OVS launched takeover bid for Charles Vögele

OVS, Italian clothing chain, has launched a takeover bid for Charles Vögele Holding, active in the fashion retailer, with 760 stores including Switzerland, Germany, Austria, Holland, Belgium, Eastern Europe and annual sales of about 800 million Swiss francs .

The goal is to acquire a minority stake of 35% in Sempione Retail for a total investment of 14.1 million Swiss francs and no significant impact on indebtedness. Sempione Retail is the vehicle through which it was launched the takeover bid for the shares of Charles Vögele Holding, at a price of 6.38 Swiss francs each.

If successful – the offer will take place approximately from October 26 to November 23 – Voegele will enter into a cooperation agreement with the Italian group, which aims to introduce the brand and merchandising in Switzerland, Austria, Slovenia and Hungary, through a plan conversions. At the conclusion of the transaction, Retail Sempione also intends to delist Charles Vögele from the SIX Swiss Exchange.

At OVS it will be granted an option to purchase an additional stake of 44.5% in Sempione from Retail Investment, one of the other two co-investors, starting from the third year following the acquisition of the shares.
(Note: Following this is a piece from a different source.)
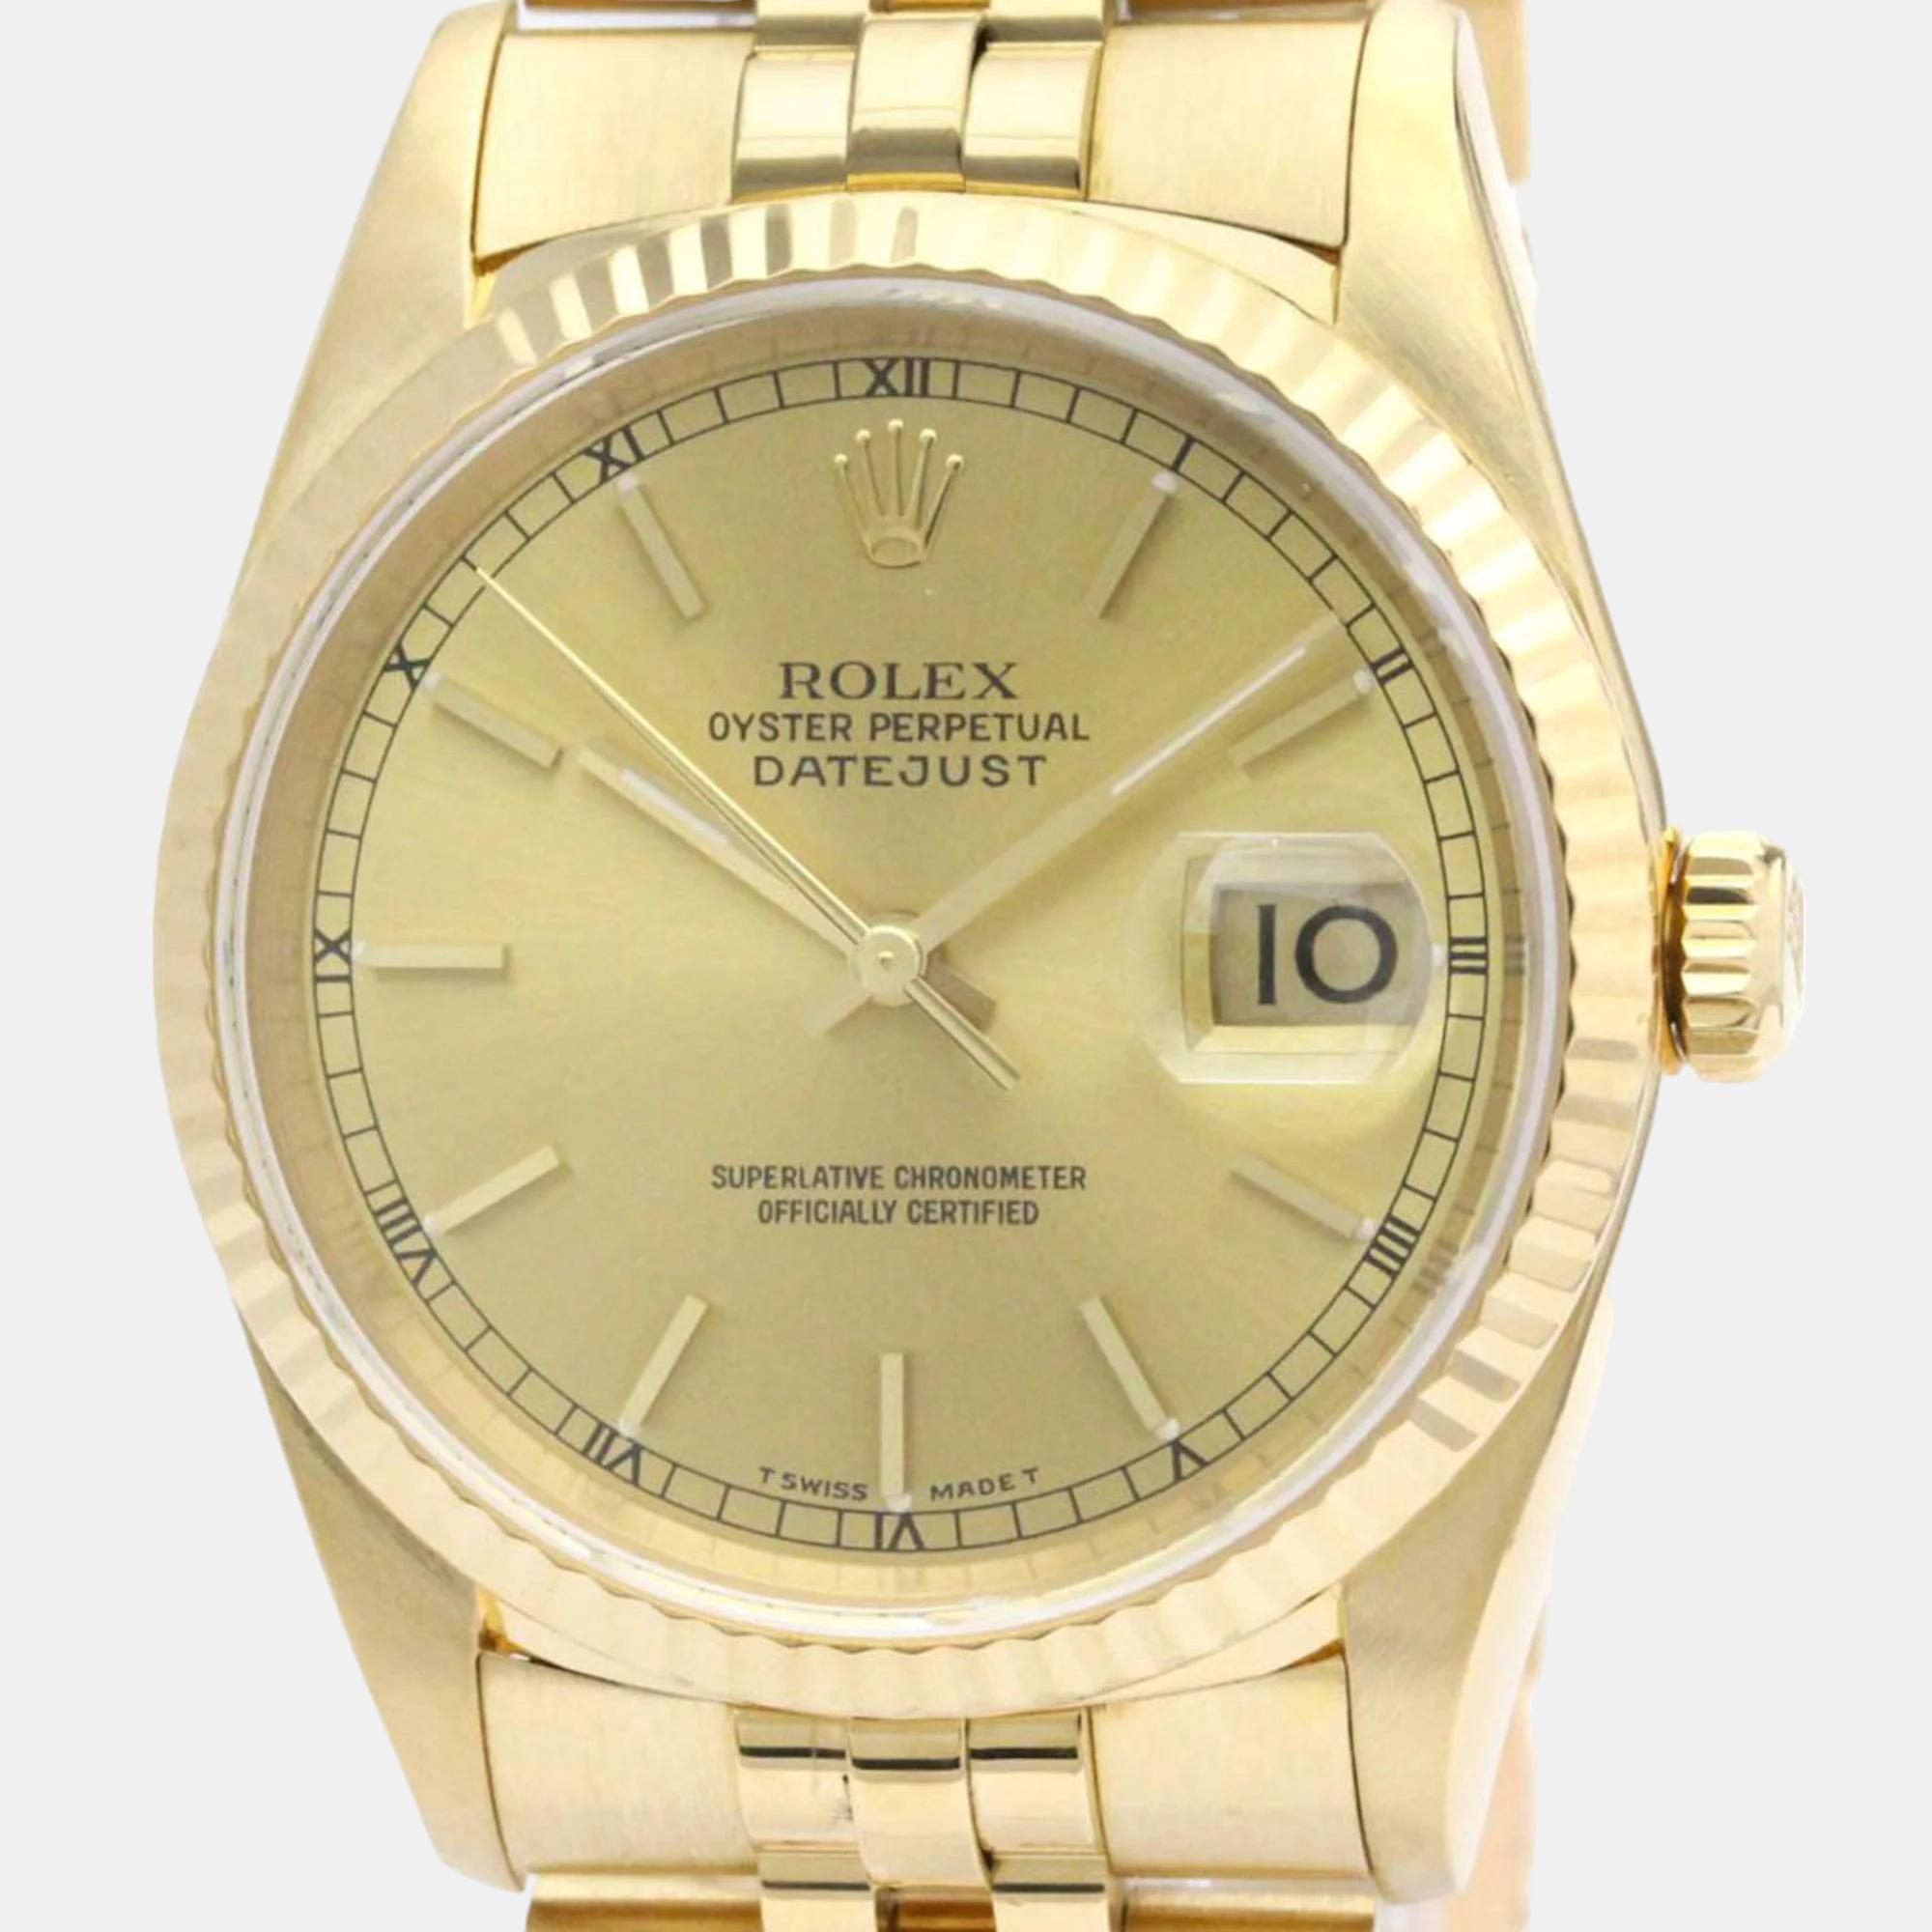 Rolex champagne 18k yellow gold datejust 16238 automatic men's wristwatch 36 mm

The Board of Directors of Charles Voegele has unanimously decided to support the takeover bid and to recommend to the shareholders to accept it.  Board president Max E. Katz, noted "the great progress in the turnaround of Charles Voegele in recent years. However, in the light of the latest developments in the market and the downsizing of the entire apparel market, the board believes that an acquisition by Sempione Retail and a collaboration with OVS would accelerate the change and return to profitability. "

Stefano Beraldo, OVS CEO, said that "we have analyzed very carefully the network and the merchandising of Charles Voegele and we believe that in selected countries, particularly in Switzerland and Austria, the quality of the location and the size of the shops are interesting and in line with our standards".